5. Loan transfer: After confirming that the mortgage registration has been completed and the loan contract has taken effect, the loan undertaking bank will transfer the loan according to the date agreed in the contract. The loan is transferred to the account designated by the borrower and the house seller ***, and the loan receipt is sent to the borrower;

6. Loan recovery: The borrower will follow the loan contract starting from the month after the loan is released. Return the loan. The borrower can apply for early repayment after one year of borrowing. If the loan is less than one year old and the borrower needs to repay the loan in advance due to reasons such as going abroad, transferring out of the city, transferring property, checking out, etc., the relevant certificates should be submitted;

7. Liquidation and withdrawal of mortgage: borrowing After the person repays the principal and interest of the loan, the undertaking bank will issue a loan settlement certificate and be responsible for handling the mortgage registration and cancellation procedures.

Necessary conditions for a self-built house loan:

1. The applicant’s employer or individual has paid housing provident fund continuously for more than 6 months, and the current payment is normal;

2. Build a self-occupied house within three years;

3. Both husband and wife receive no unpaid loans from the provident fund or provide housing provident fund pledges for others;

4 . Both husband and wife have good credit (no bad records for 3 consecutive periods and more than 6 periods in total);

5. Provide a guarantee recognized by the management center;

6. A family can have at most two Secondary housing provident fund loan.

To sum up, you can use provident fund loans to build a house on a homestead.

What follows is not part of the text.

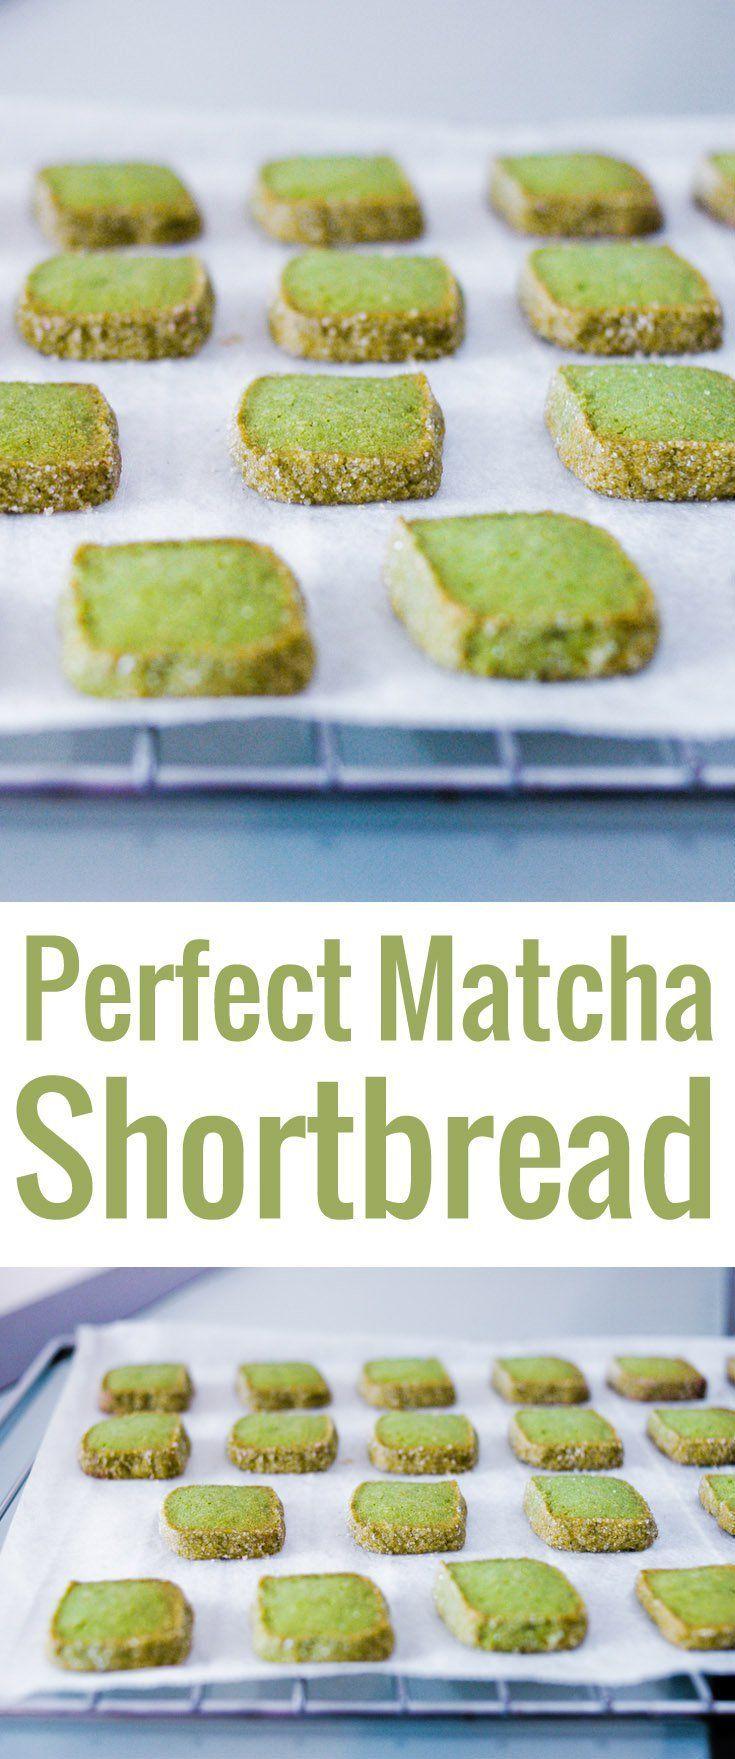 Une recette facile et rapide pour faire des sablés au matcha délicats, avec la saveur subtile du thé vert, un coeur tendre et des bords croustillants.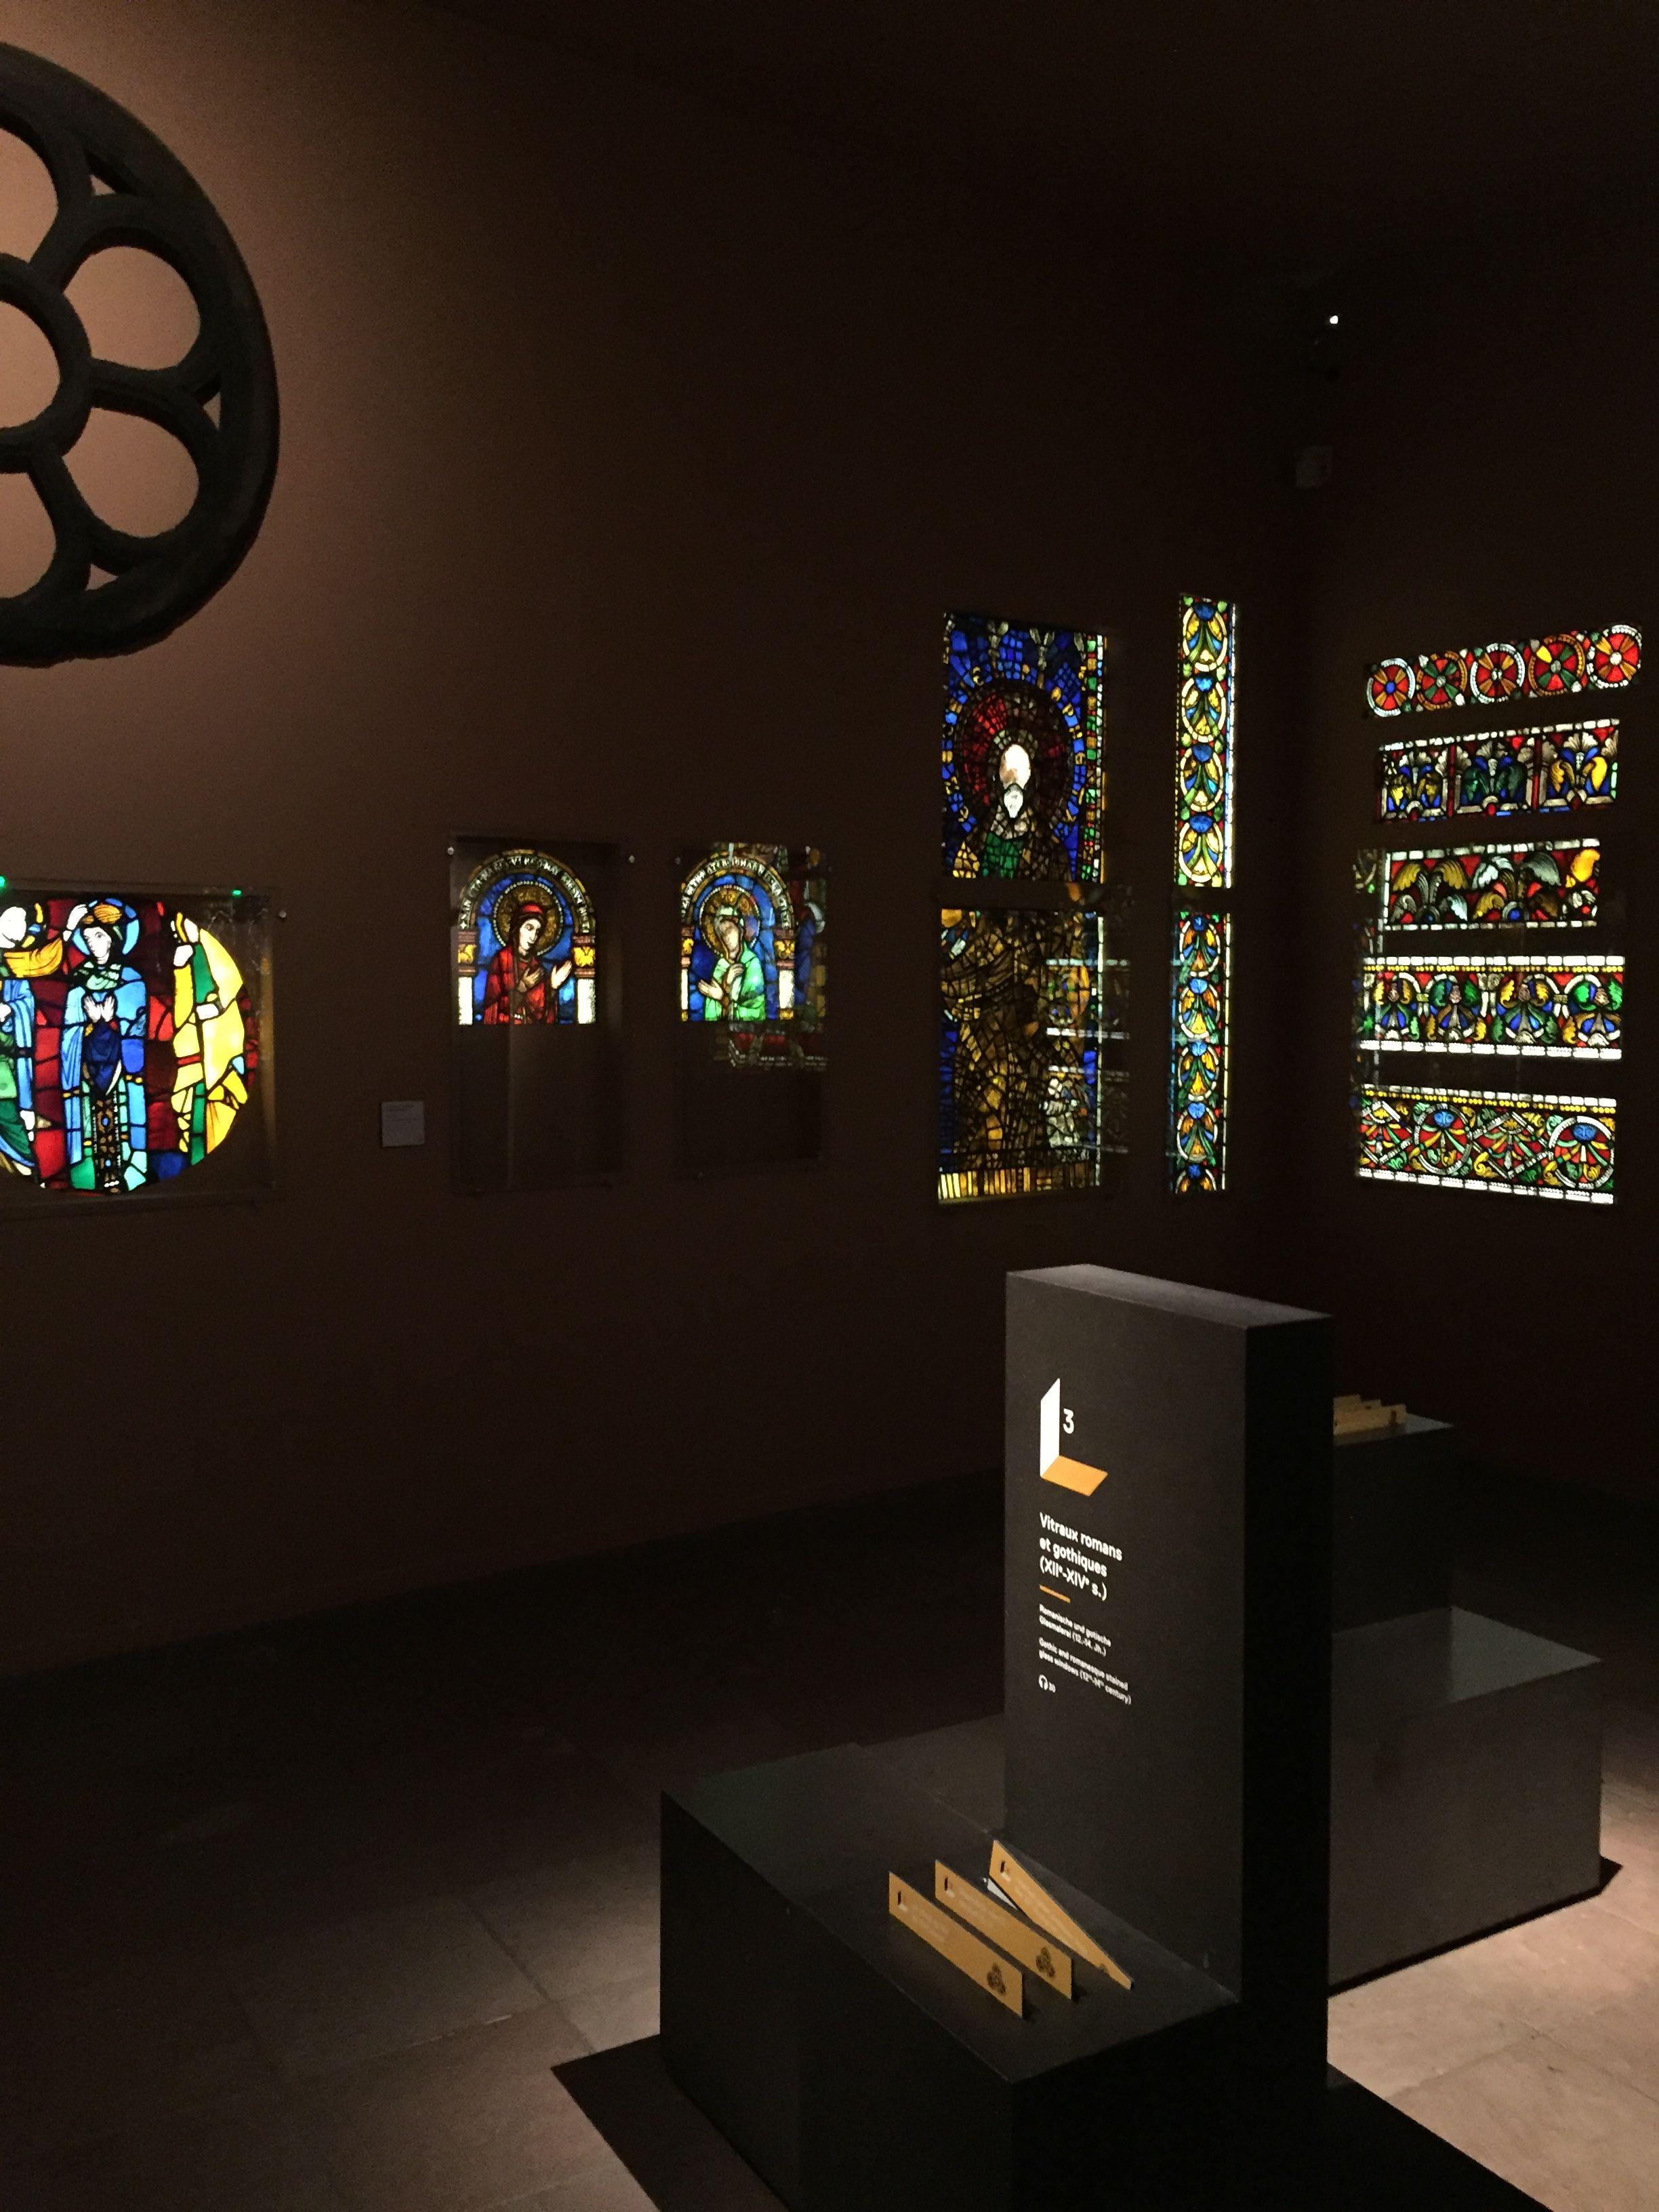 Musee De Oeuvre Notre Dame Strasbourg Absolute Empfehlung Mit Bildern Museum

When withdrawing the provident fund, you need to provide the planning permit for rural housing construction, the housing management department's homestead approval or relevant supporting documents permitting housing construction, and invoices for the purchase of building materials and other construction costs.

Legal basis:

"Regulations of the People's Republic of China on the Administration of Housing Provident Funds"

Article 5

The housing provident fund shall It is used for the purchase, construction, renovation and overhaul of self-occupied housing for employees, and no unit or individual may use it for other purposes.

Article 26

Employees who have paid housing provident funds may apply for housing provident fund loans from the Housing Provident Fund Management Center when purchasing, constructing, renovating or overhauling their own homes. The Housing Provident Fund Management Center shall make a decision on whether to grant a loan or not within 15 days from the date of accepting the application, and notify the applicant; if the loan is granted, the entrusted bank shall handle the loan procedures. The risks of housing provident fund loans are borne by the housing provident fund management center.